#### [Exercise goal]
Set out exactly every line of the entries below, starting at the line that holds "canada lake louise imac mac wallpapers inch" and stopping after the line that holds "Seaport, Manhattan. Photo".

#### [Data records]
=-=-=-=-=

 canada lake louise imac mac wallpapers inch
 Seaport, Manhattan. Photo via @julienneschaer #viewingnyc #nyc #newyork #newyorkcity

=-=-=-=-=

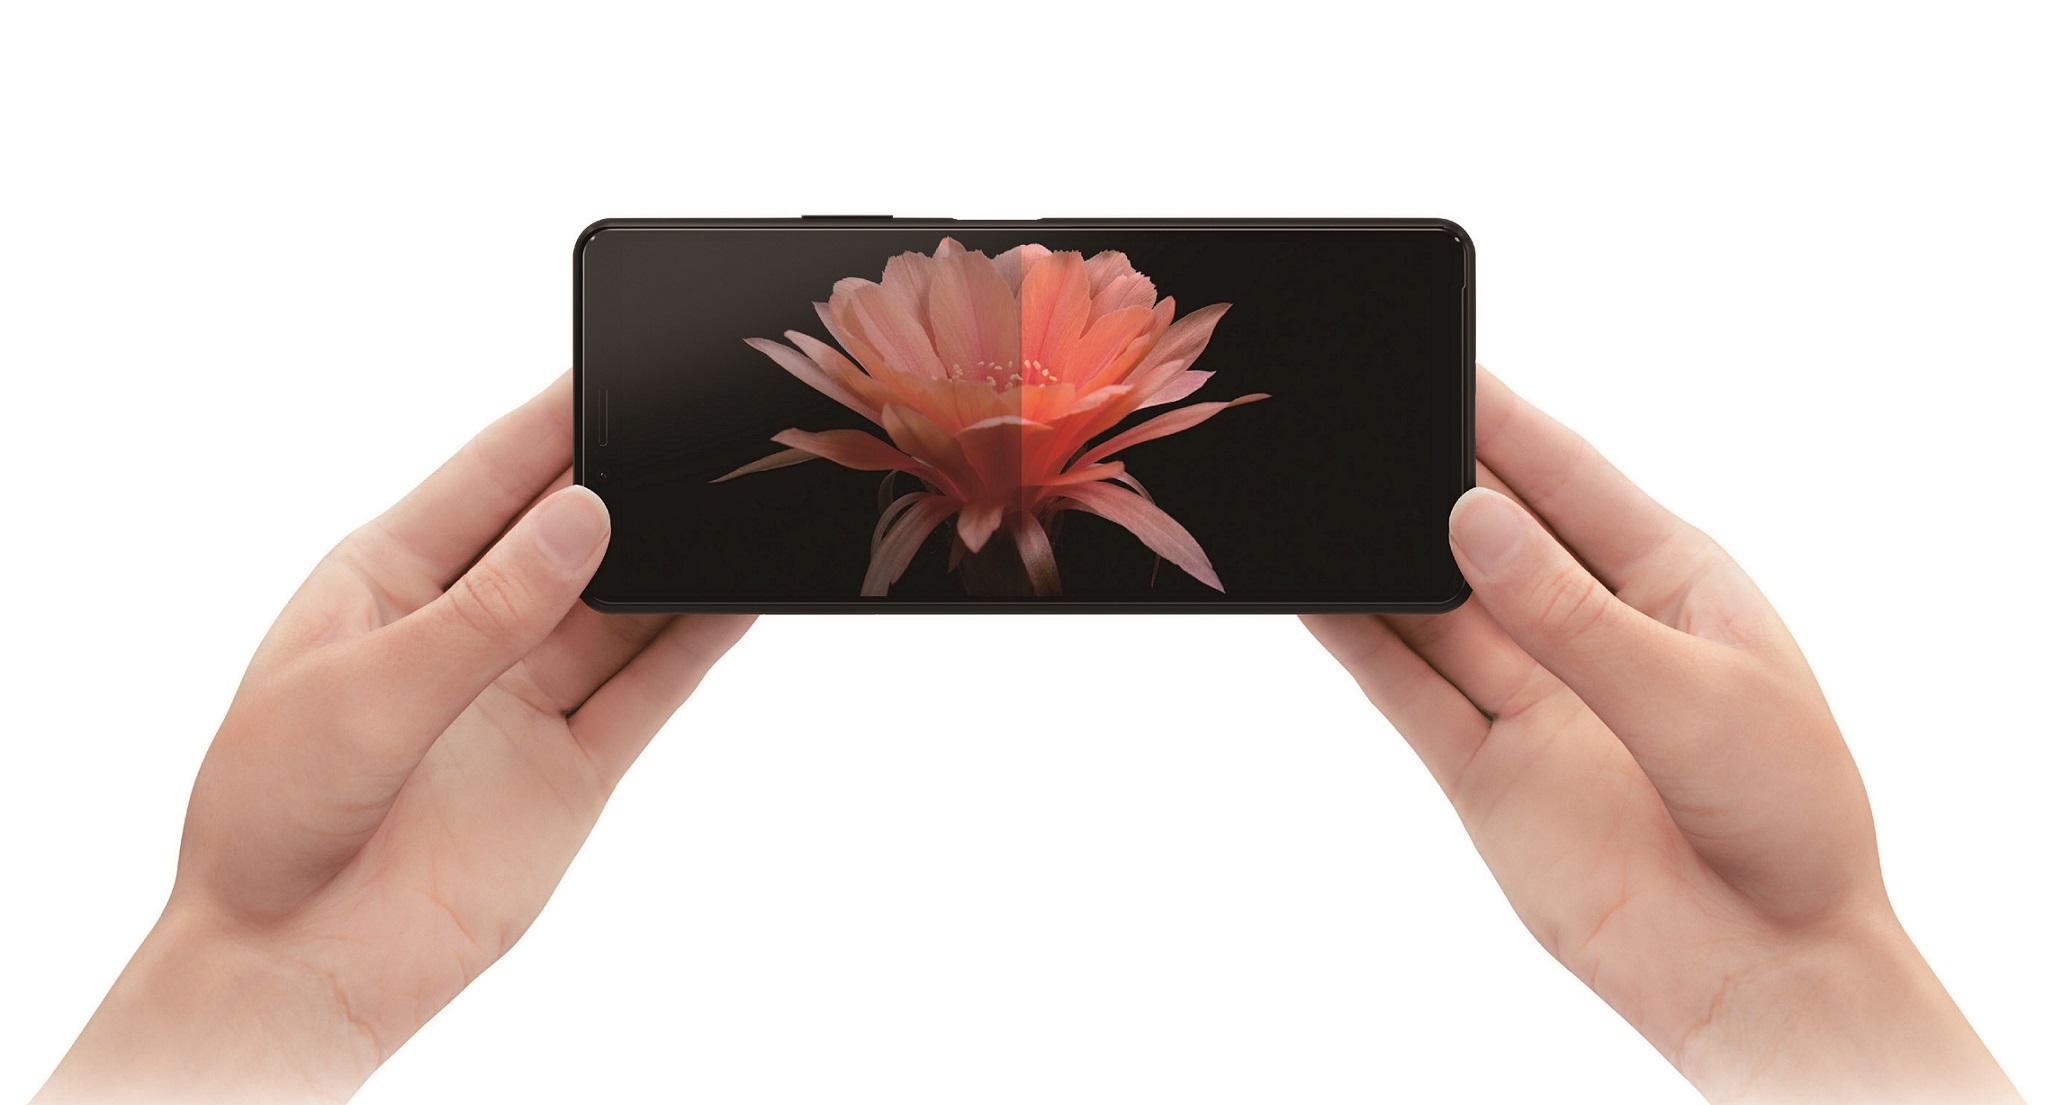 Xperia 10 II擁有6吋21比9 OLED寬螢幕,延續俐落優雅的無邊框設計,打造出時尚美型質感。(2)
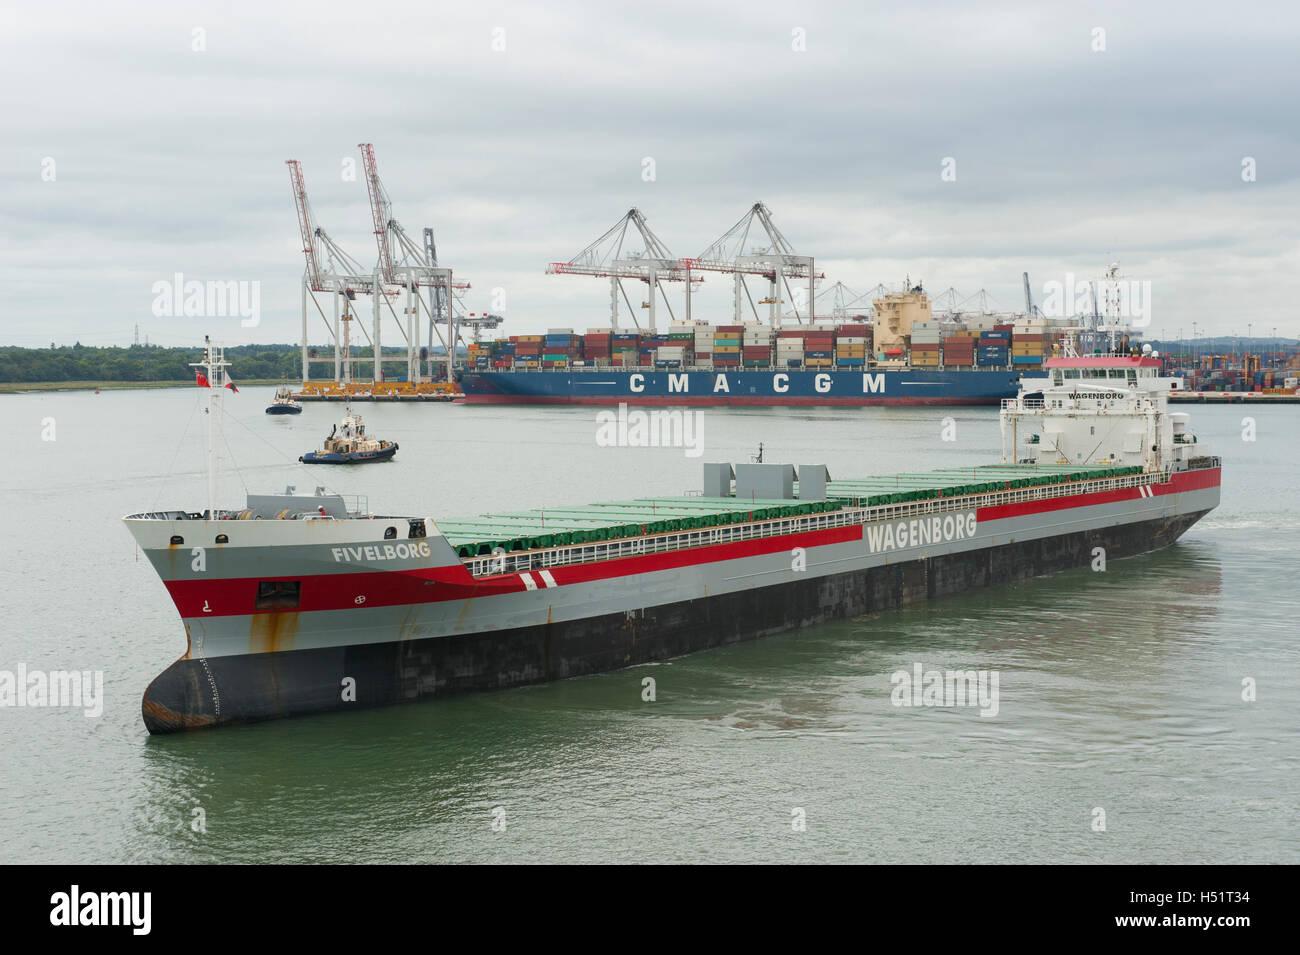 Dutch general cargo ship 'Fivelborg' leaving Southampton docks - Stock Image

=-=-=-=-=

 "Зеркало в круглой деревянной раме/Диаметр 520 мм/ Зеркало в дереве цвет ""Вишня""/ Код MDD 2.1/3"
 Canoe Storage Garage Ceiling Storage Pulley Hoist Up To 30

=-=-=-=-=

#### [Finished task]
 canada lake louise imac mac wallpapers inch
 Seaport, Manhattan. Photo via @julienneschaer #viewingnyc #nyc #newyork #newyorkcity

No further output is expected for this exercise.